Shortly after the codification of relativity theory, particle physics further disassembled our understanding of a fixed, mechanistic Newtonian reality. Matter is not inert. It is representative of an endless vibrating dance of particles that have dual personalities both as mass, confined to a location, and a wave, spread out over space. The incessant exchange of sub-atomic particles between atoms – which form molecules and then compounds and subsequently things we call stuff – portrays a spontaneous, impermanent universe that is constantly emerging, evolving and interdependent. In fact, merely observing the particles themselves alter their behavior. In this new comprehension of reality, the traditional subject-object relationship crumbles – as the seer is in a dynamic relationship with the seen. Instead, we are all participants in an infinite web with no boss. As Watts was apt to say, “We are petals on the same flower.”

It’s curious that the Buddha posited this vision of the world twenty-five hundred years prior to the advent of electron microscopes and the brilliance of Einstein. Pratītyasamutpāda, commonly translated as dependent origination, or dependent arising, is a key doctrine in Buddhism. In short, this theory postulates that everything is reliant on everything else.

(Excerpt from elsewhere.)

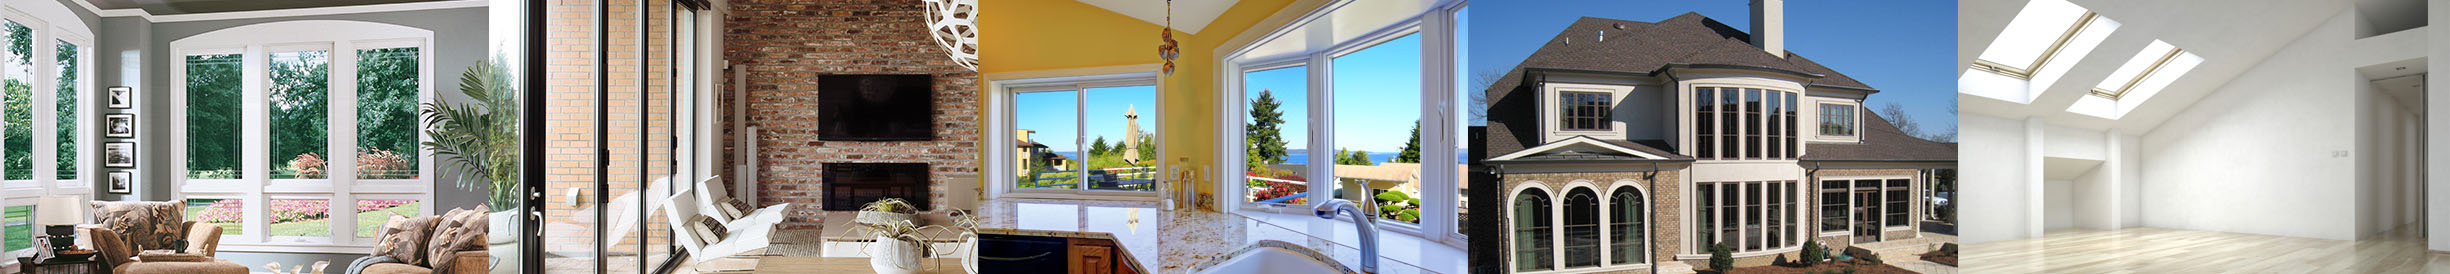 north glass window installations ben lomond california

And nothing is absolute or fixed. This is also redolent of Heraclitus’ Logos and Lao Tzu’s Tao, the course of nature. Both Eastern mysticism and modern physics share a common essence: the awareness of the unity and mutual interrelation of all things and events. We live in Indra’s Net, an infinite web which, at its junctures, holds crystalline drops of water that reflect every other drop.

The empiricism of modern physics has pointed us strangely back to the intuition of ancient Eastern mystics. As we penetrate deeper and deeper into matter, physics doesn’t show us any basic building blocks. The fundamental nature of stuff doesn’t appear to be matter at all — but spontaneously arising, ever-changing organic pattern.

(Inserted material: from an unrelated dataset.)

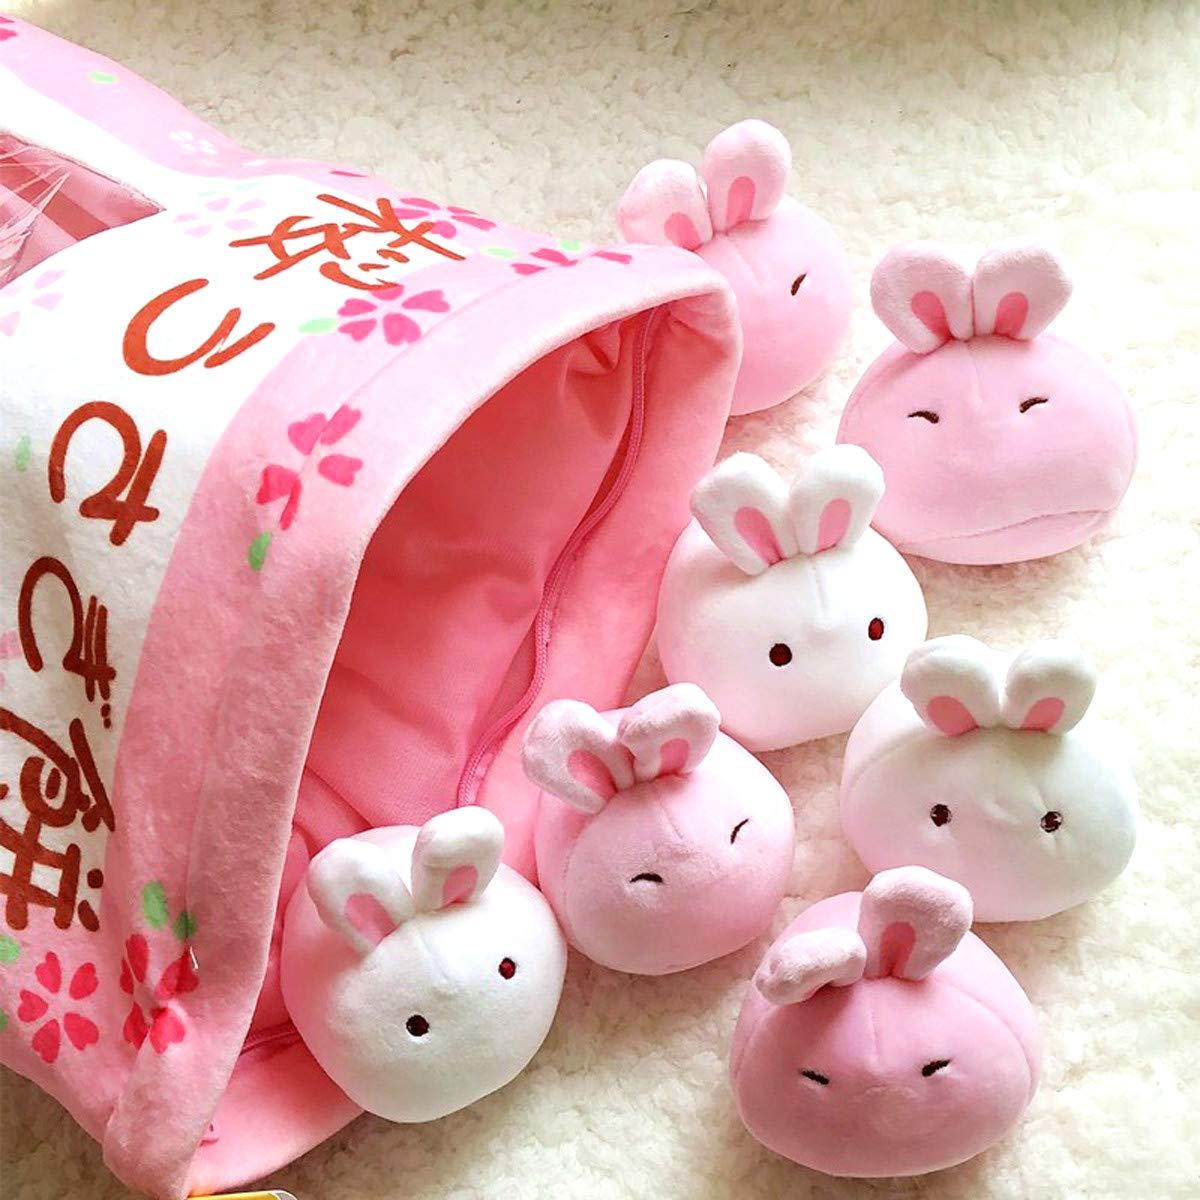 Nenalayo Cute Throw Pillow Stuffed Animal Toys Removable Fluffy Bunnies Creative Gifts for Teens Girls Kids by Nenalayo (Image #3)

What Does This Have to Do with My Body?

The challenges to medical orthodoxy and the efflorescence of longevity science since the beginning of the 21st century in many ways reflects the upending of Newtonian physics at the beginning of the 20th century.

Einstein, Bohr, Planck and others pointed to a world that wasn’t fixed, that could not be reduced to its smallest component parts. At the quantum level, all of existence is a vibratory energetic dance of construction and destruction. The emerging fields of epigenetics, neuroplasticity and the microbiome, along with new discoveries into the nature of metabolism have demonstrated a similar phenomenon – one with ancient Eastern roots. The human body is not fixed. The human organism exists as a fluctuating process in constant interaction with its environment.

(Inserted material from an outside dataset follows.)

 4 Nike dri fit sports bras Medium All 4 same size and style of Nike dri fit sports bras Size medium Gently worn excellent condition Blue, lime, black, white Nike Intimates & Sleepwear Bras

When we look closely at the human body, we see a dance. The blood constantly exchanges CO2 and oxygen. The pancreas alternately secretes insulin and glucagon. The brain is awash in a sea of neuromodulators – both excitatory and inhibitory. The mitochondria produce reactive oxygen species and antioxidants. Glucose is being converted to energy, known as ATP. 150 pounds of ATP is being burned per day. 39 trillion bacteria are splitting in binary fission and perishing every day. Humans are not things made of stuff. We are organic pattern constantly changing in relation to our environment.